Original speech and its echo are segregated and separately processed in the human brain.

  • Jiaxin Gao,
  • Honghua Chen,
  • Mingxuan Fang,
  • Nai Ding

DOI
https://doi.org/10.1371/journal.pbio.3002498
Journal volume & issue
Vol. 22, no. 2
p. e3002498

Abstract

Read online

Speech recognition crucially relies on slow temporal modulations (<16 Hz) in speech. Recent studies, however, have demonstrated that the long-delay echoes, which are common during online conferencing, can eliminate crucial temporal modulations in speech but do not affect speech intelligibility. Here, we investigated the underlying neural mechanisms.
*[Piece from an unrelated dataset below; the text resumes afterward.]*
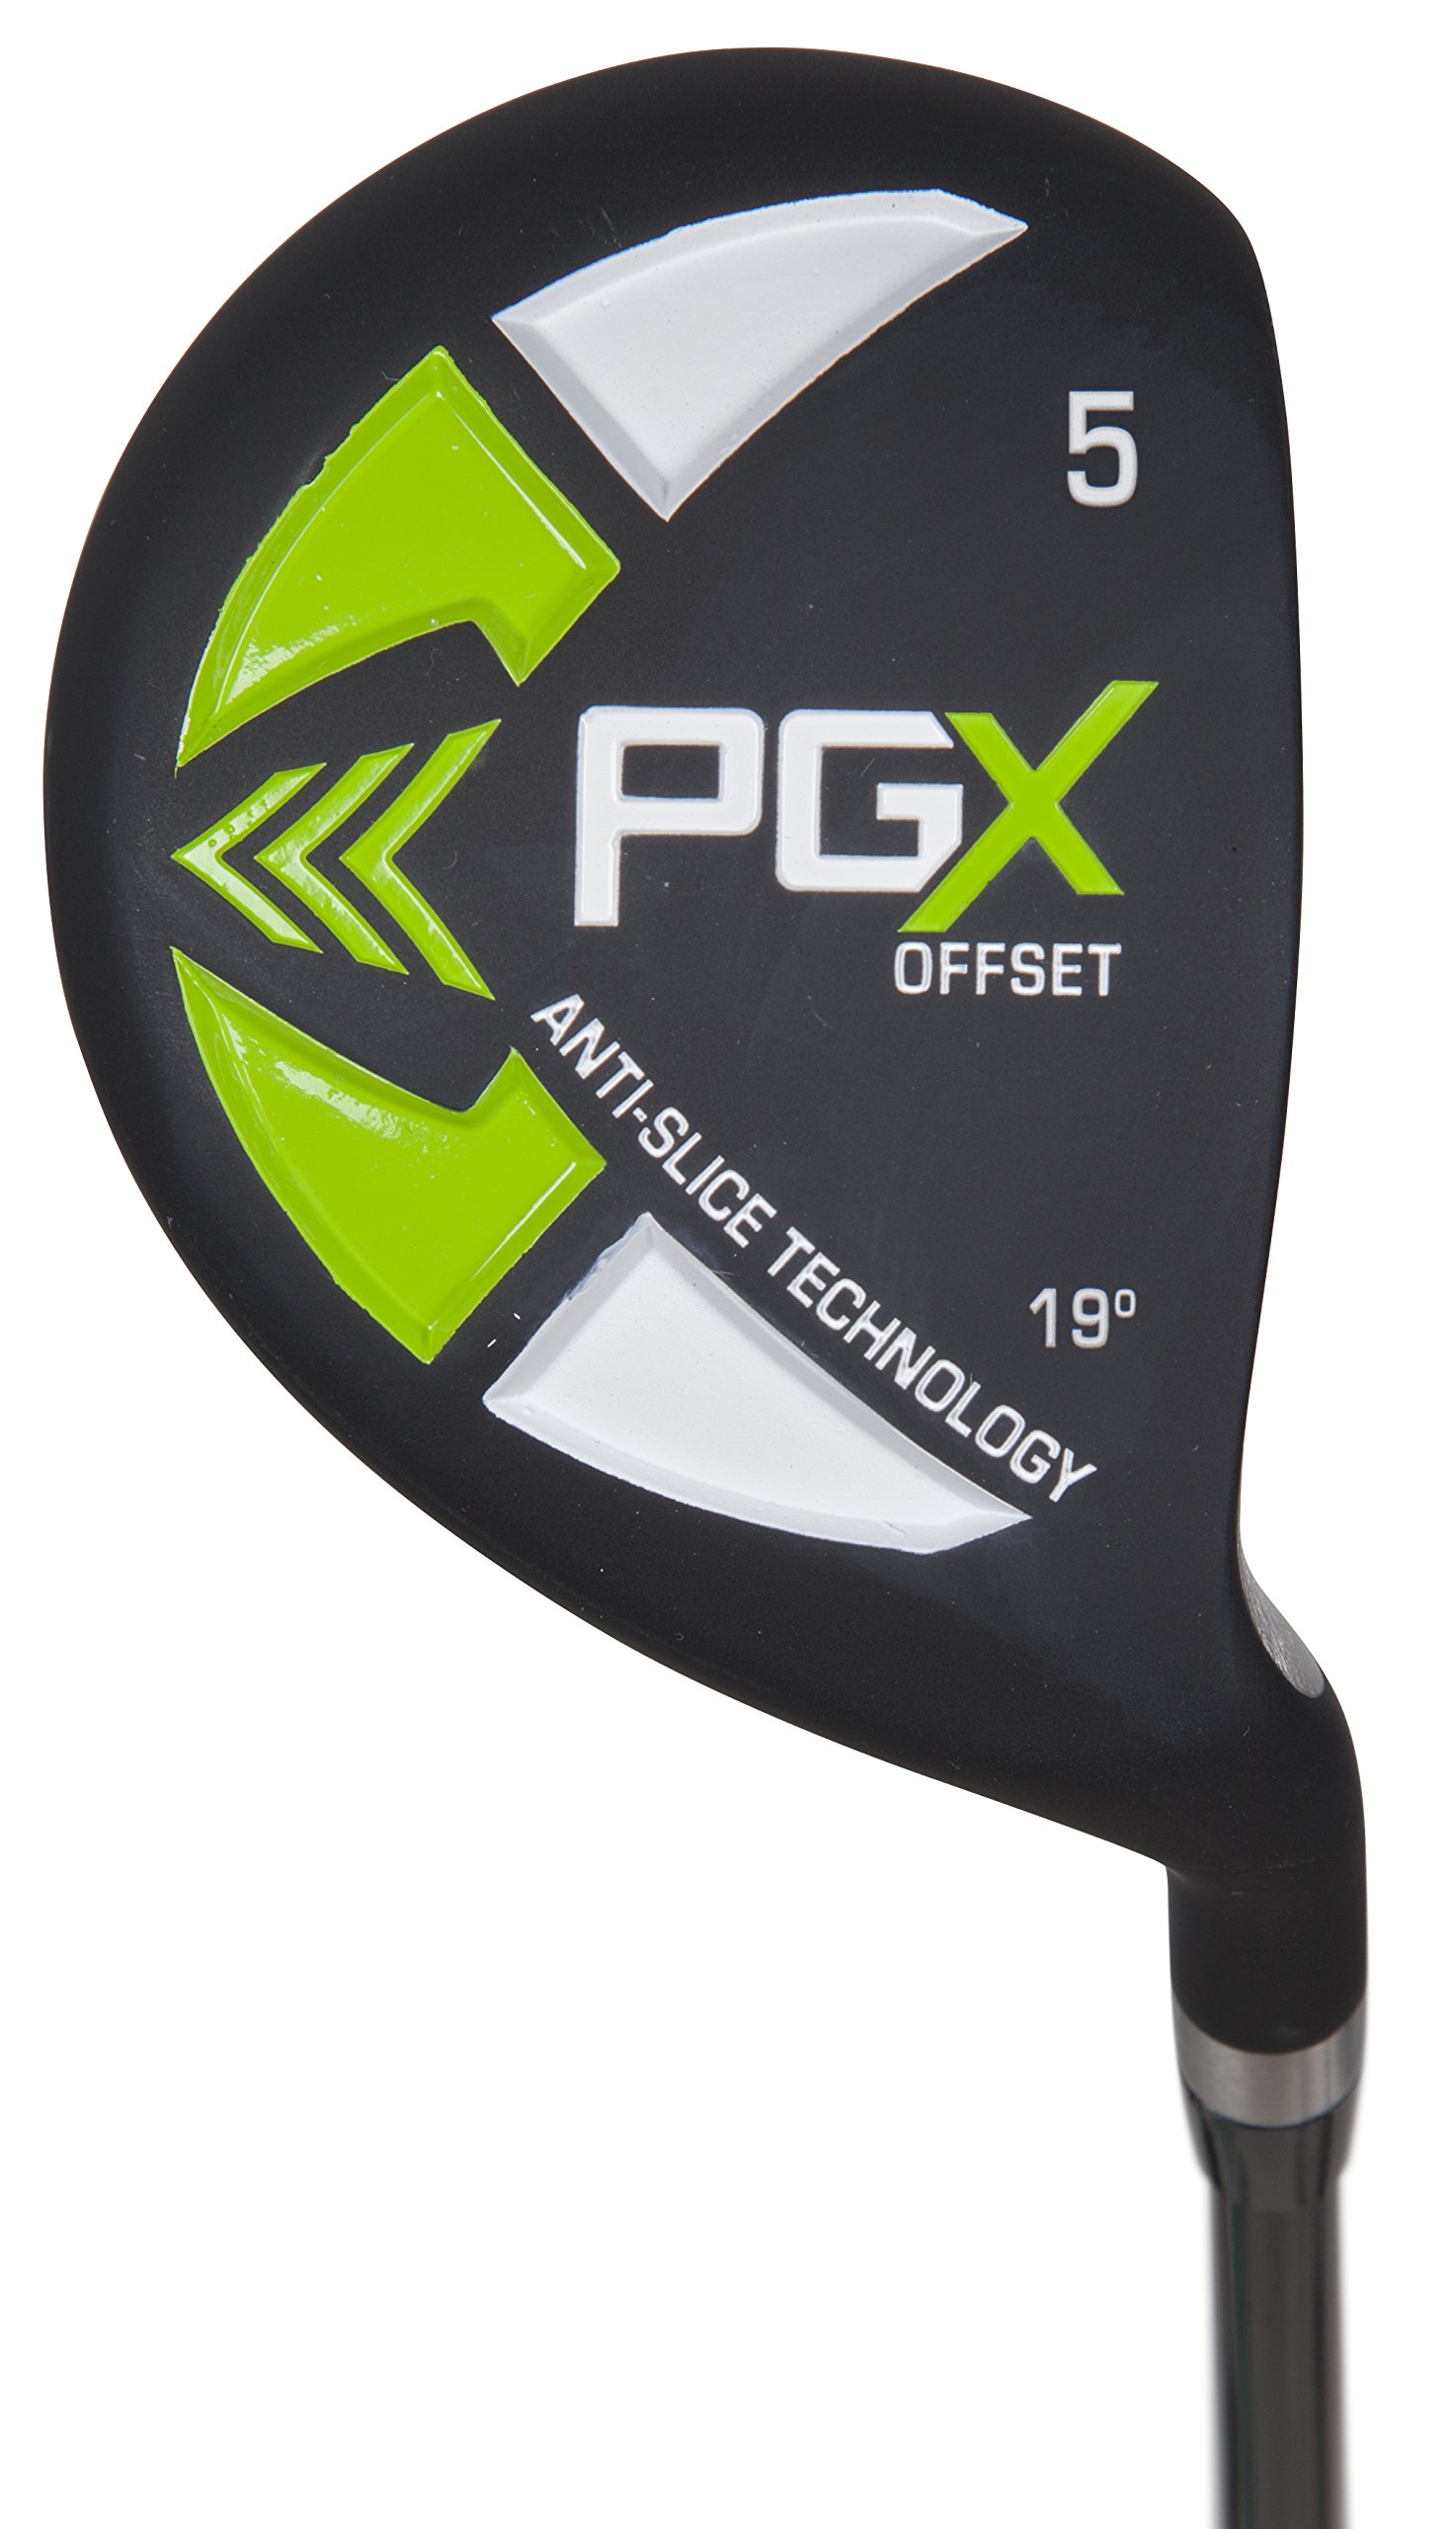 Pinemeadow PGX Offset Golf Fairway Woods

MEG experiments demonstrated that cortical activity can effectively track the temporal modulations eliminated by an echo, which cannot be fully explained by basic neural adaptation mechanisms. Furthermore, cortical responses to echoic speech can be better explained by a model that segregates speech from its echo than by a model that encodes echoic speech as a whole. The speech segregation effect was observed even when attention was diverted but would disappear when segregation cues, i.e., speech fine structure, were removed. These results strongly suggested that, through mechanisms such as stream segregation, the auditory system can build an echo-insensitive representation of speech envelope, which can support reliable speech recognition.